Bien qu’en principe de nombreux étudiants semblent être ouverts au travail en collaboration, bien souvent la création de liens sociaux ne fait pas partie de leurs préférences. En outre, pour la plupart d’entre eux la flexibilité associée à l’asynchronisme réside dans la possibilité de travailler de façon indépendante (Angulo et al., 2016; Brassard et al., 2016; Papi et Angulo, 2016, 2017; Papi et al., 2017, 2018, 2019; Papi et al., 2015). D’un côté, la collaboration demande de la part des apprenants une volonté de participer à un objectif commun, une certaine disponibilité et un engagement régulier (Poellhuber et Chomienne, 2006). D’un autre côté, elle implique certains efforts de coordination, d’animation et de modération afin d’augmenter les possibilités de réussite (Henri et Lundgren-Cayrol, 2003). La définition d’un cadre commun de travail, l’organisation des activités et l’encouragement des échanges entre les membres de la communauté d’apprentissage relèvent de la fonction de coordination (Jézégou, 2012). Pour que la collaboration soit possible, il faut éviter de s’imposer des règles de fonctionnement trop rigides. D’ailleurs, la proposition de travailler en collaboration n’incite pas per se les transactions entre les apprenants (Poellhuber et Chomienne, 2006), c’est pourquoi la fonction d’animation s’avère cruciale pour le succès de la communauté.

L’encouragement des interactions entre les partenaires d’apprentissage réfère à la fonction d’animation. Ici, la présence d’une personne-ressource est déterminante pour soutenir une réflexion profonde et fructueuse pour les apprenants. Le rôle d’animateur est essentiel en tout temps, mais il revêt une importance majeure dans les premières étapes de l’établissement de la communauté lorsque le sens d’appartenance n’est pas assez implanté (Jézégou, 2012).

43

La régulation des manières d’interagir dans un environnement numérique d’apprentissage est une action comprise dans la fonction de modération. Ceci implique l’encouragement à moduler les jugements de valeur et à contrôler les réactions, l’objectif étant de maintenir les tensions uniquement sur le plan cognitif et qu’elles ne transcendent pas les frontières des dimensions personnelle et sociale (Jézégou, 2012).

Ainsi, la présence pédagogique résulte des interactions sociales de coordination, d’animation et de modération que le formateur entretient avec les apprenants lorsque ces derniers ont à résoudre de façon commune et conjointe une situation problématique en utilisant un espace numérique de communication. Cette présence pédagogique contribue au développement d’une communauté d’apprentissage en ligne. De plus, elle peut soutenir les transactions entre les apprenants tout en favorisant un climat socioaffectif basé sur la symétrie de la relation sociale et sur l’aménité (Jézégou, 2012).

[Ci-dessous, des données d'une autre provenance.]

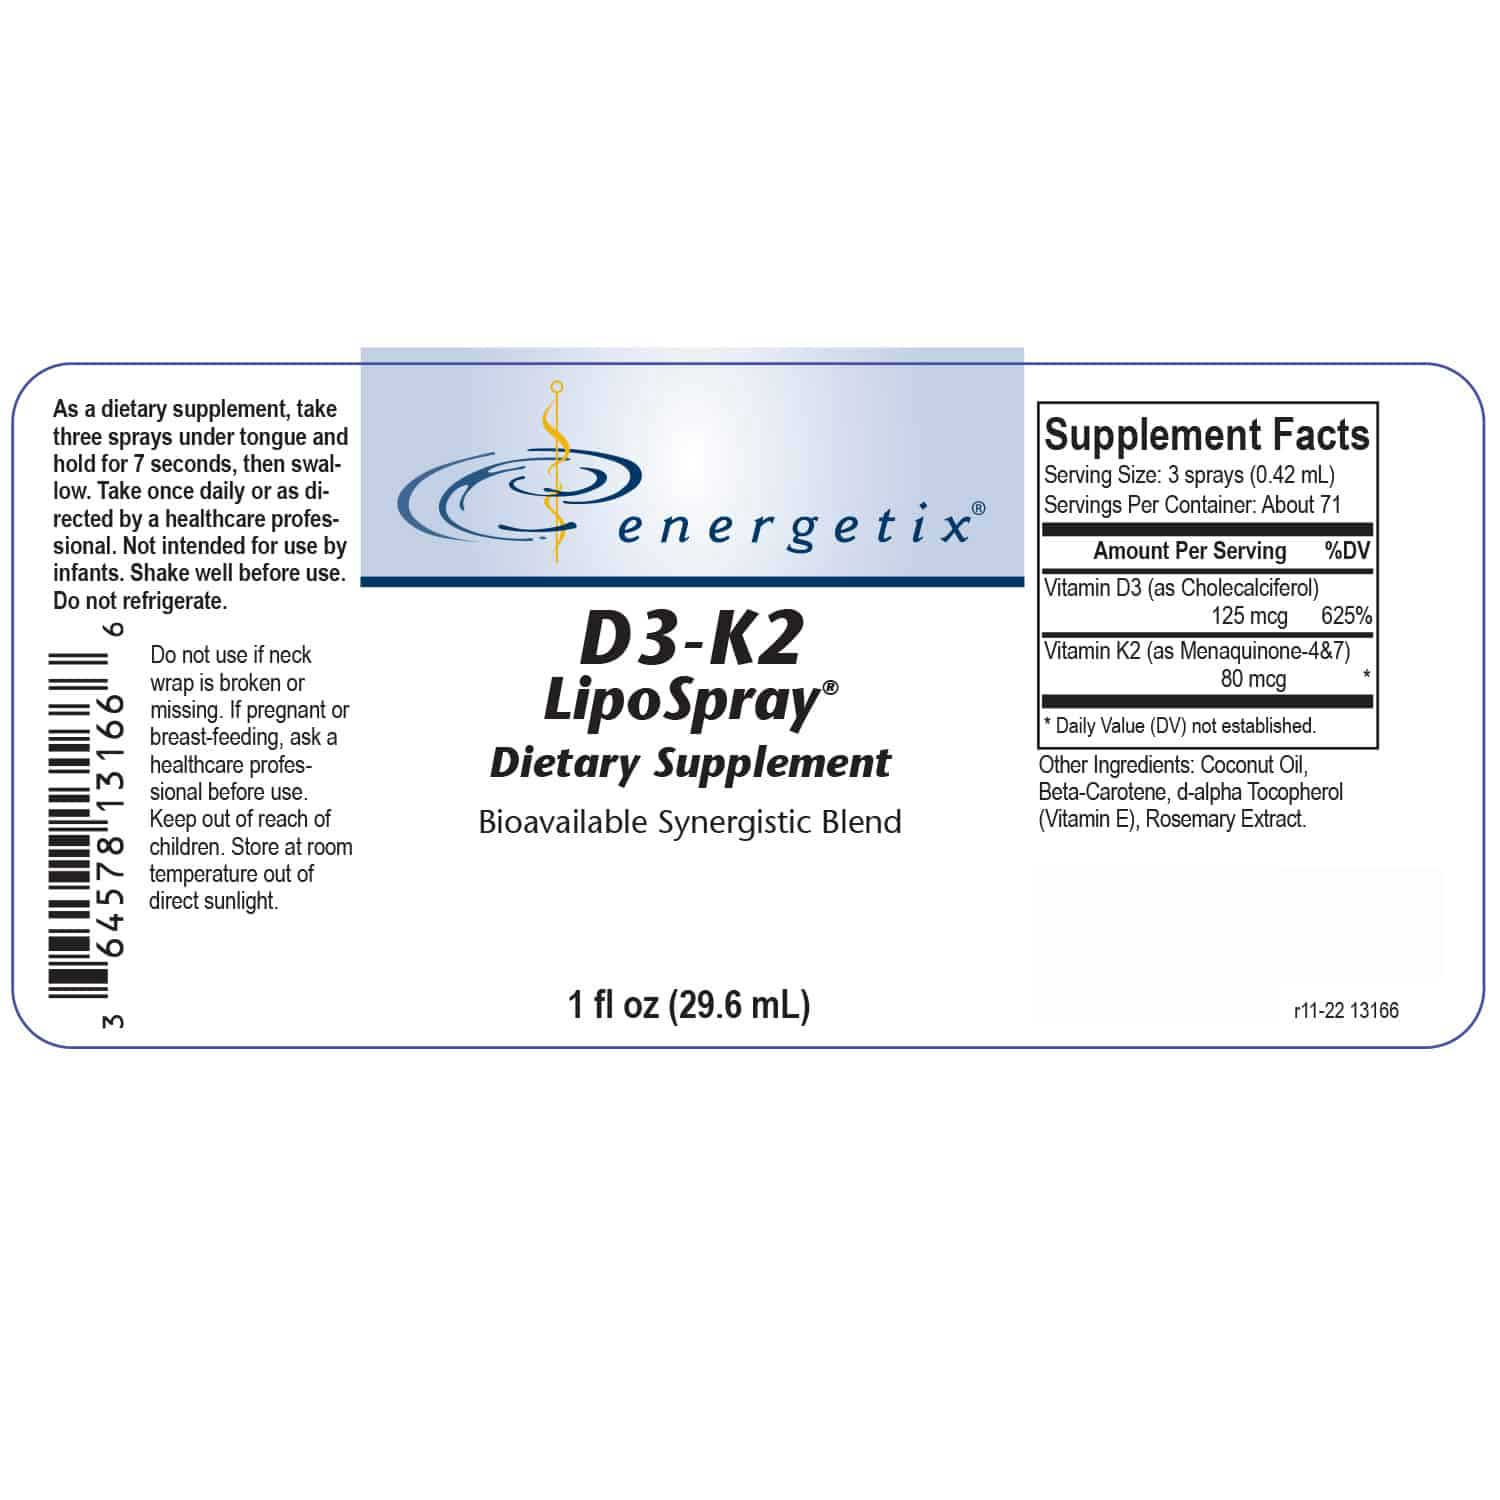 Energetix D3 K2 Lipo Spray Label

Jézégou (2012) souligne que les fonctions qui comprennent la présence pédagogique soutiendraient les deux autres dimensions de la présence. Néanmoins, l’auteure remarque que, comme la présence socioaffective, la dimension pédagogique est un phénomène en soi. Autrement dit, la présence pédagogique peut se manifester de façon indépendante. En effet, bien que de nombreux étudiants manifestent une certaine ouverture à collaborer, dans la plupart des cas, ils privilégient le travail indépendant pour des raisons motivationnelles ou méthodologiques (Jézégou, 2012), et ce, malgré les efforts de facilitation à la collaboration déployés par les enseignants-chercheurs et la promotion qu’ils font de cette approche.